The smart way to do this: start writing new data to both InfluxDB and Arc at the same time. While new data flows into Arc, you migrate historical data at your own pace. Once everything is in Arc and you've verified it, you cut over. No downtime, no data gaps, no "hold your breath and flip the switch" moment.

This tutorial walks through the whole thing.

The Migration Strategy

Don't do a hard cutover. Run both systems in parallel.

  1. Start writing to Arc now — point Telegraf at Arc using our dedicated output plugin. Keep writing to InfluxDB too. Telegraf supports multiple outputs — use both.
  2. Migrate historical data — export from InfluxDB, import into Arc via the LP endpoint. Do this at your own pace. Nights, weekends, measurement by measurement — doesn't matter.
  3. Verify — compare row counts, time ranges, query results between both systems.
  4. Cut over — once you trust Arc, remove the InfluxDB output from Telegraf. Swap the Grafana datasource. Done.

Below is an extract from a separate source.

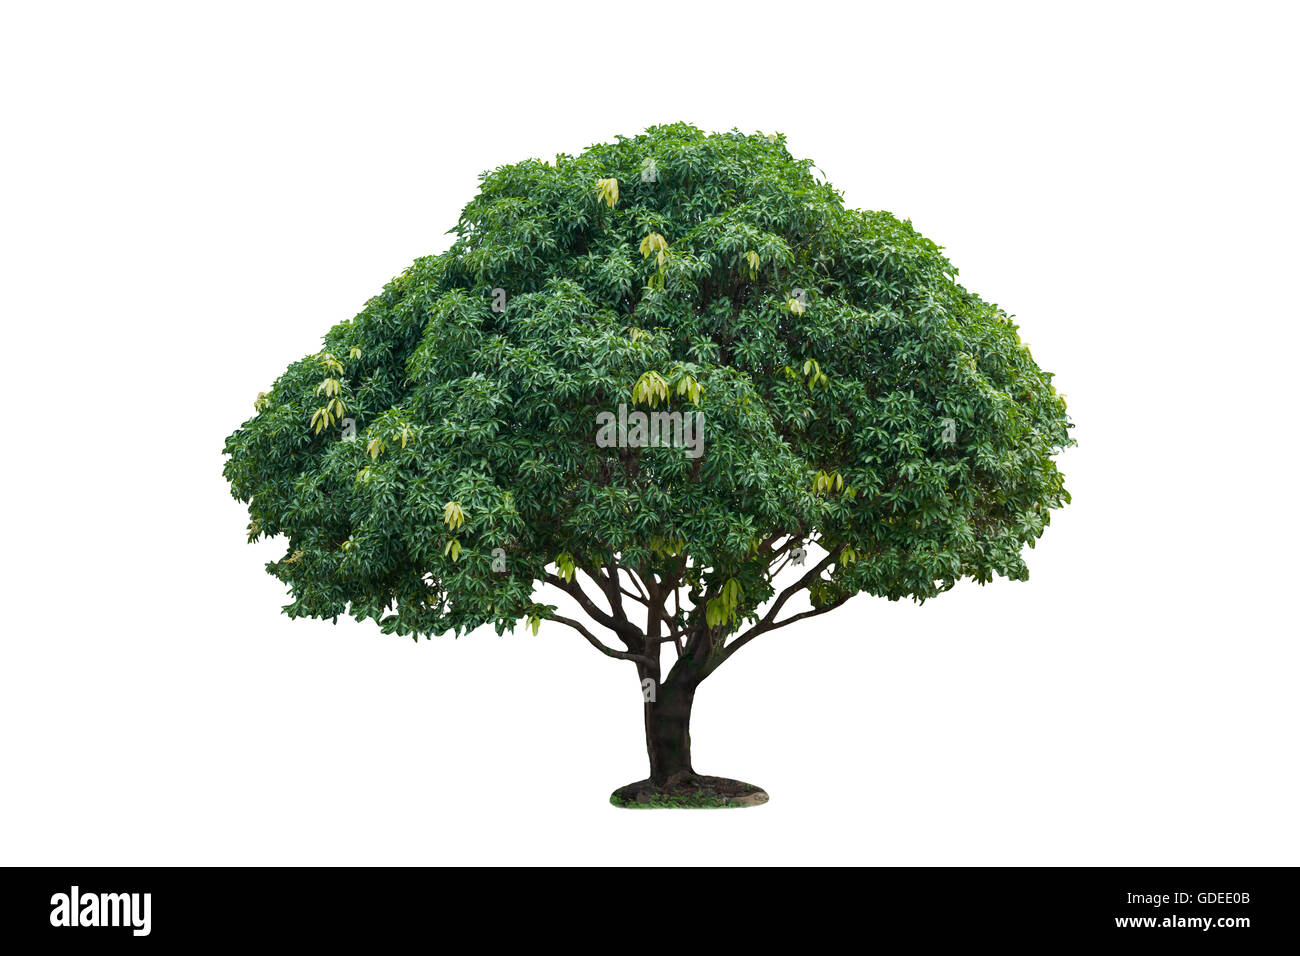 Mango Tree 3d Model Free Download

This way, if something doesn't look right, InfluxDB is still there with all your data. No risk.

Before You Start

You'll need:

  • An InfluxDB instance (1.x, 2.x, or 3.x) with data you want to move
  • Arc running (v26.02.1 or later — that's when the LP import endpoint shipped)
  • curl and the influx CLI

Start Arc if you haven't:

docker run -d -p 8000:8000 \
  -e STORAGE_BACKEND=local \
  -v arc-data:/app/data \
  ghcr.io/basekick-labs/arc:latest

One container. No config files. No extensions. No tuning postgresql.conf for an hour.

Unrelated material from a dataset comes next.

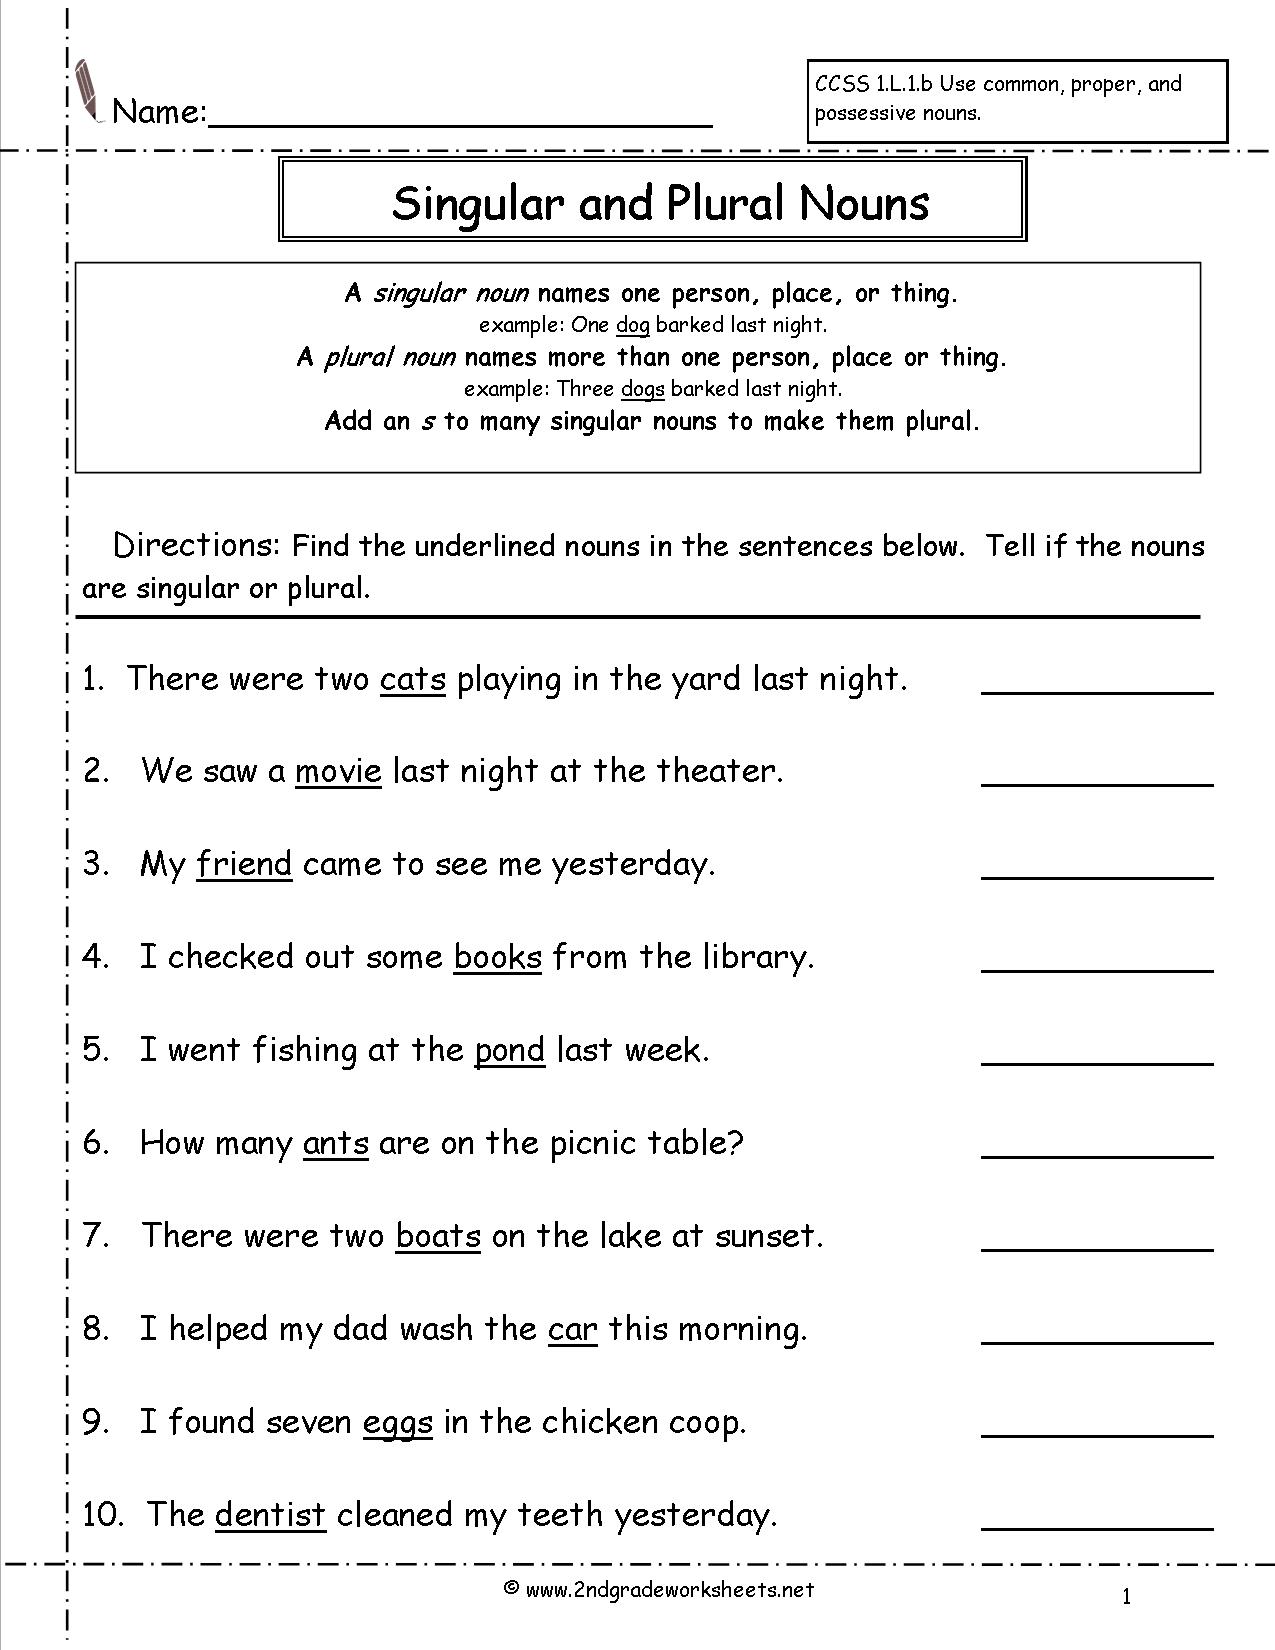 Singular And Plural Nouns Answer Worksheet Spanish

Step 1: Export from InfluxDB

Get your data out as Line Protocol files. The method depends on which version of InfluxDB you're running.

InfluxDB 1.x

Use influx_inspect to dump everything:

influx_inspect export -datadir /var/lib/influxdb/data \
  -waldir /var/lib/influxdb/wal \
  -out influxdb_export.lp \
  -database mydb

Or export a specific measurement:

influx -database mydb -execute "SELECT * FROM cpu" -precision ns > cpu.lp

InfluxDB 2.x

Flux. I know. Bear with me — this is the last time you'll have to write it.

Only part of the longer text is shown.